# Smoked Parmesan



## KyleWolf (Jun 3, 2019)

Hey Everyone, 

I have been smoking for a number of years, but this is my first time posting here.  I have an MES+cold smoke attachment. I've made a number of smoked cheeses before, but one I have really enjoyed is smoked parmesan.  I haven't seen it talked about much on the board.  I love using it with some smoked butter to make a smoked seafood alfredo or grate it finely and mix with smoked salt to put over popcorn.    I use cherry wood and smoke for about 4-6hrs, which is about 1-2hrs longer than I smoke most of my other cheeses. 

I was just curious if anyone else had played with smoking parmesan or other really hard cheeses and if you ended up doing anything different to help the smoke penetrate the cheese a bit more.  Thanks!


----------



## SmokinVOLfan (Jun 3, 2019)

I've done a lot of cheese but never tried parmesan. Sounds really good though and sounds like you have it down. I bet smoked alfredo is great.

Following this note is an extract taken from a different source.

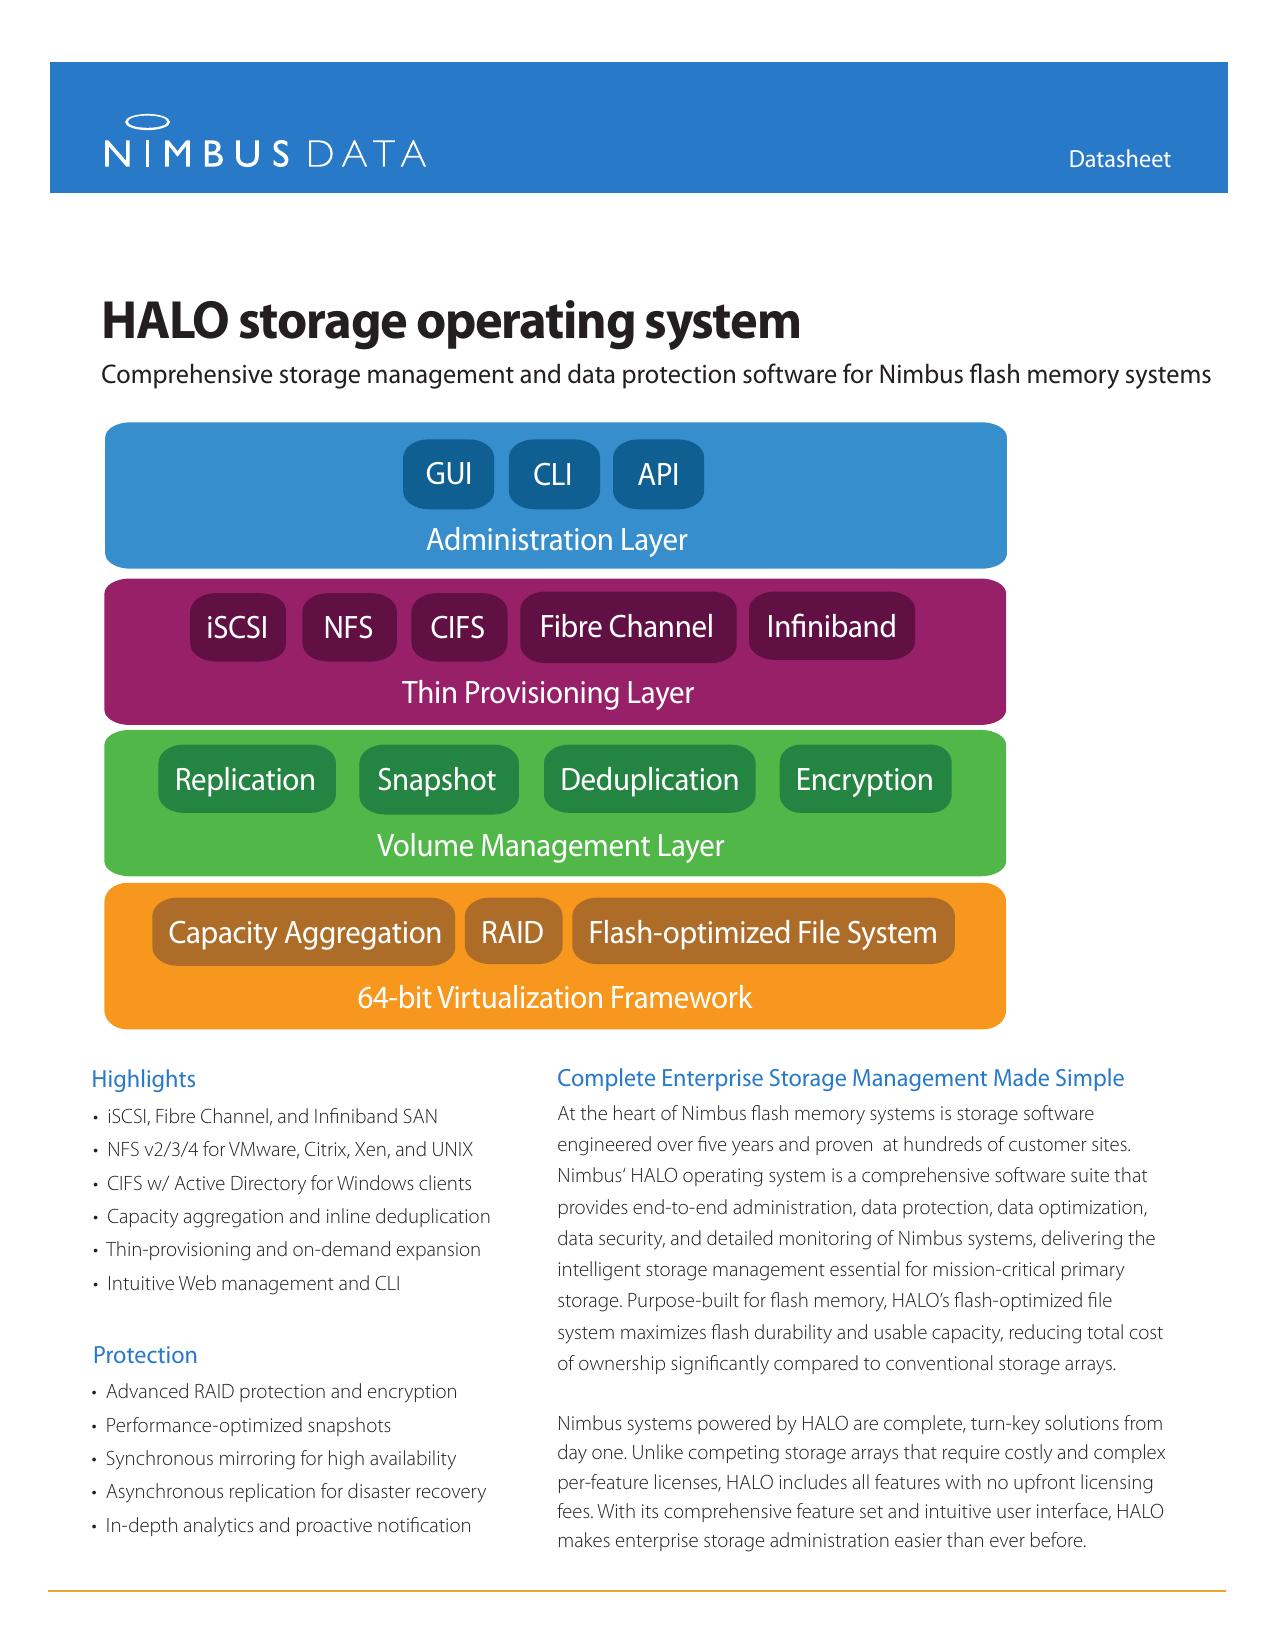 magasin en ligne c7e90 731b7 Nimbus Data HALO Operating System Data Sheet   manualzz.com

I might have to give that a try once it cools off around here.


----------



## BigW. (Jun 3, 2019)

Smoked butter is an option?  I learned something new, thanks.  I have not done parm, but smaller chunks of cheese seem to take on a bit more smoke than a full size piece.


----------



## browneyesvictim (Jun 3, 2019)

Smoked parm is awesome! In fact I just had "wing night" at my house on Sunday. The star of the show was the garlic parmesan! I'm still trying to figure out how I can get the smoke parmesan flavor into an injectable format a-la Scarbelly style.


----------



## link (Jun 3, 2019)

I have never tried Parm but have done butter many times. Great on popcorn.


----------



## bbqbrett (Jun 3, 2019)

Haven't tried either the parm or the butter but want to attempt both at some point.


----------



## 6GRILLZNTN (Jun 3, 2019)

I smoked some Parmesan this past winter and it was awesome.  I used apple dust with an A-maz-n tray in my WSM for about 4 hours.


----------



## Carvendive (Oct 14, 2019)

I just finished my first ever batch of cheese so I'M NOT AN EXPERT! That said, all my hard cheeses, (baby brick, cheddar, Munster and Gouda took the smoke well at 4 hrs. I also did blue and Velveeta. Both needed 6+ hrs. The blue I attribute it to the overwhelmed flavor of the blue. The Velveeta, ... Maybe because it's a blended, processed cheese, or maybe because it's soft and moist. I ended up cutting the 2# block into 8 butter sized sticks. The smoke worked magic at that size.


----------



## Steve H (Oct 15, 2019)

I've done parm and Asiago cheese. With Hickory for 4 hours. Both are very good.


----------



## smokebuzz (Oct 30, 2019)

Have smoked a lot of cheese over the years, done some parm for my youngest dot, WOW, missed that 1 . Have plans to smoke plenty more of it this cold season.


----------



## phathead69 (Oct 30, 2019)

Parm is awsome smoked. Actually I haven't found any of the normal cheeses that don't improve with smoke -chedders, mozzarella, american etc.. Dbl smoked gouda is the bomb.


----------



## Carvendive (Oct 30, 2019)

Ha, Ha, my smoked cheese is GONE!!! My wife Devoured the Velveeta. I loved the harder cheese. I'm going to do another batch soon. This time more parm, Asiago and Velveeta.


----------